Along the way, it also became less toxic. Y. pseudotuberculosis is milder to us, but it is surprisingly deadly to fleas. It causes diarrhoea, paralysis, and death in around 40 percent of the insects that suck it up. Hinnebusch, together with postdoc Iman Chouikha, has now discovered why. They fed fleas with blood containing narrower and narrower selections of Y. pseudotuberculosis proteins until they identified one that was consistently toxic.
It’s called urease, and it is partly encoded by a gene called UreD. When Hinnebusch and Chouikha deleted this gene, fleas could happily swallow Y. pseudotuberculosis without any problems. Urease breaks down a substance called urea and, in doing so, produces ammonia. Presumably, the build-up of ammonia is toxic to the flea. In fact, any urease protein will finish them off—even one from a bean plant proved lethal.
Y.pestis, unlike its close relative, can’t make urease. Thanks to a single mutation in its version of the UreD gene, it produces a half-formed and useless protein. By breaking this gene, it gained the ability to survive through a flea without killing it.
That was a crucial step. Fleas aren’t actually very efficient at transmitting Y.pestis.
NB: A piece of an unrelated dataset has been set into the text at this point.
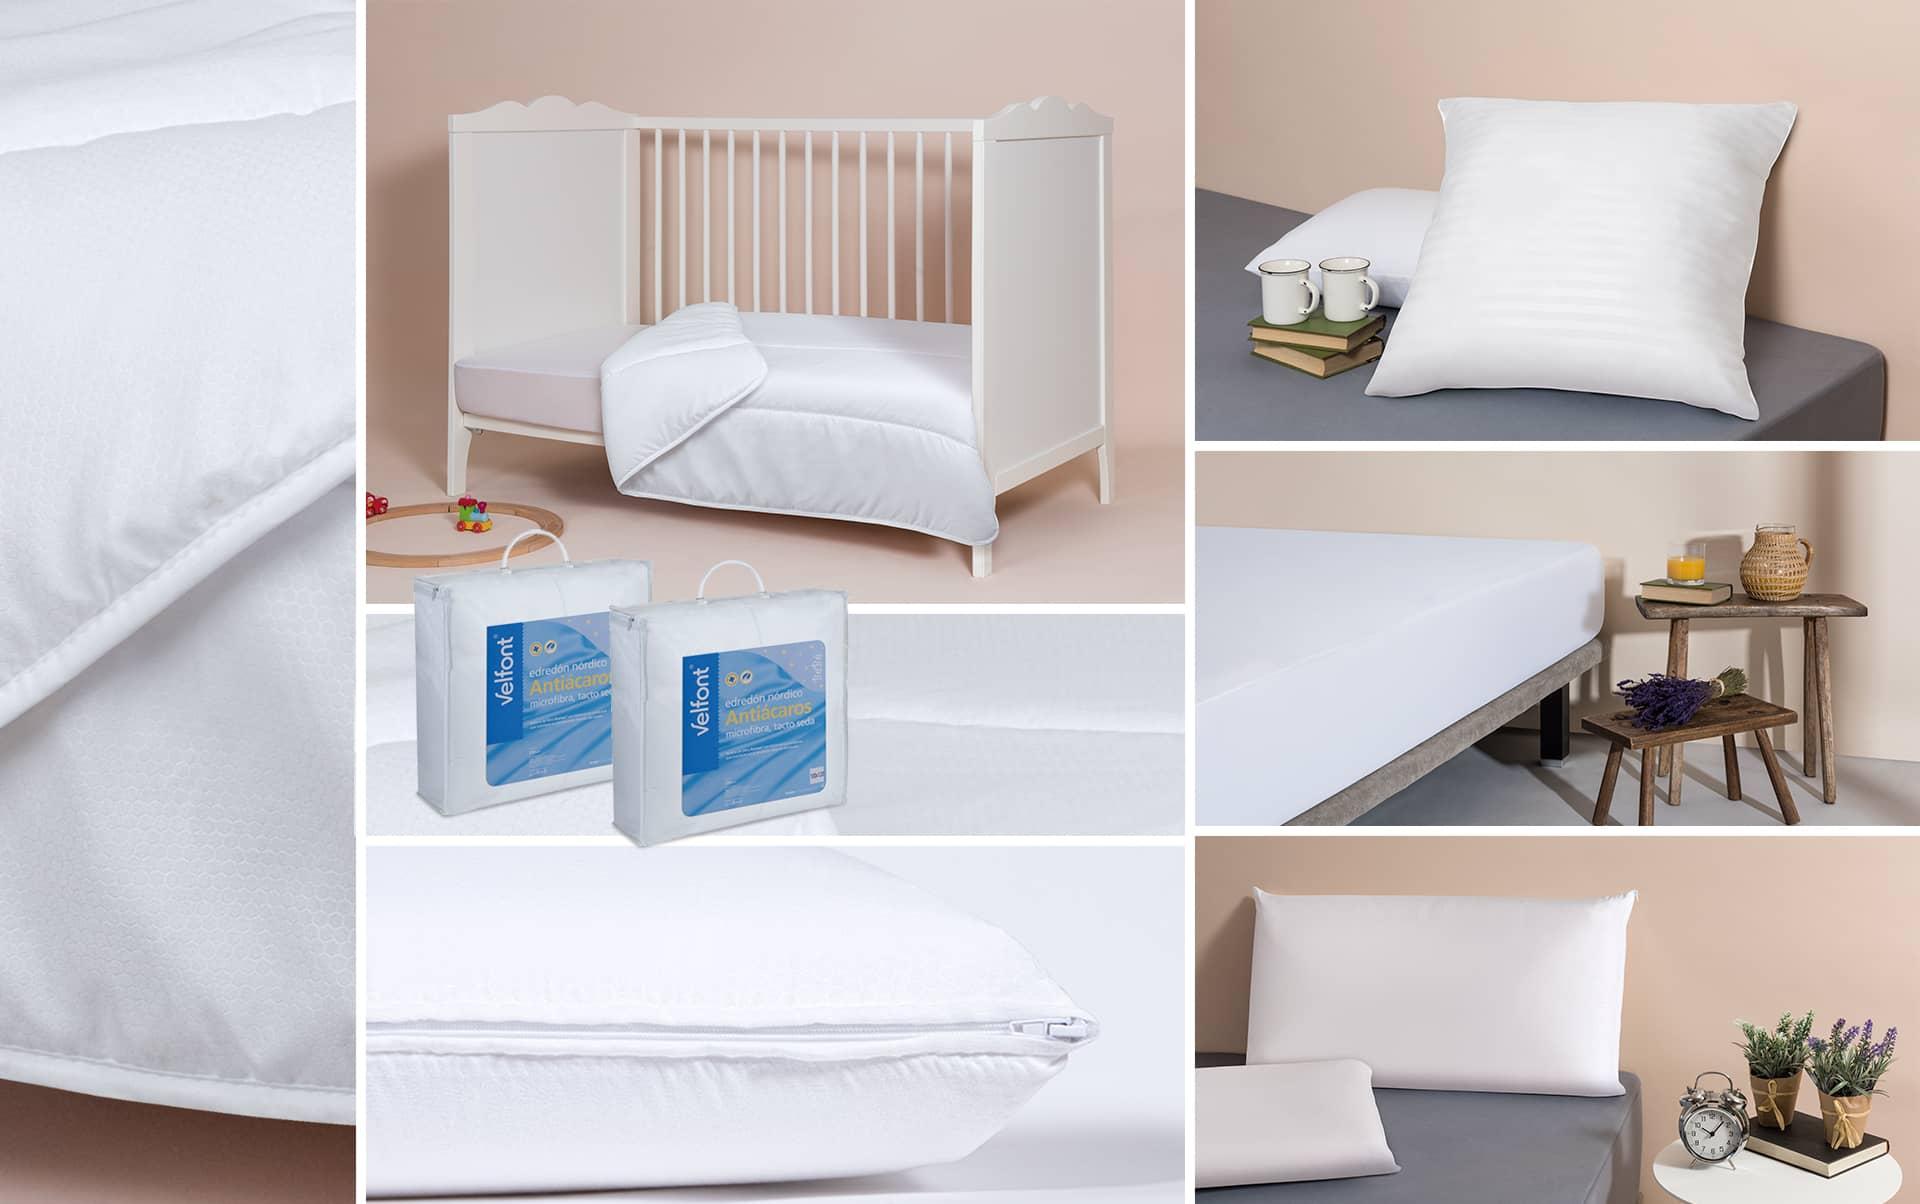 03 Retoque fotografico ropa de cama Velfont - Sesiones fotográficas para sector textil

You need a lot of them to kickstart an outbreak of plague, and that can’t really happen if their microbes are killing 40 percent of them. Hinnebusch and Chouikha calculated that to transmit a Y.pestis strain that still made urease, you’d need more fleas than are commonly found on rodents. Without the mutation that broke UreD, the plague microbe would never have reached plague proportions.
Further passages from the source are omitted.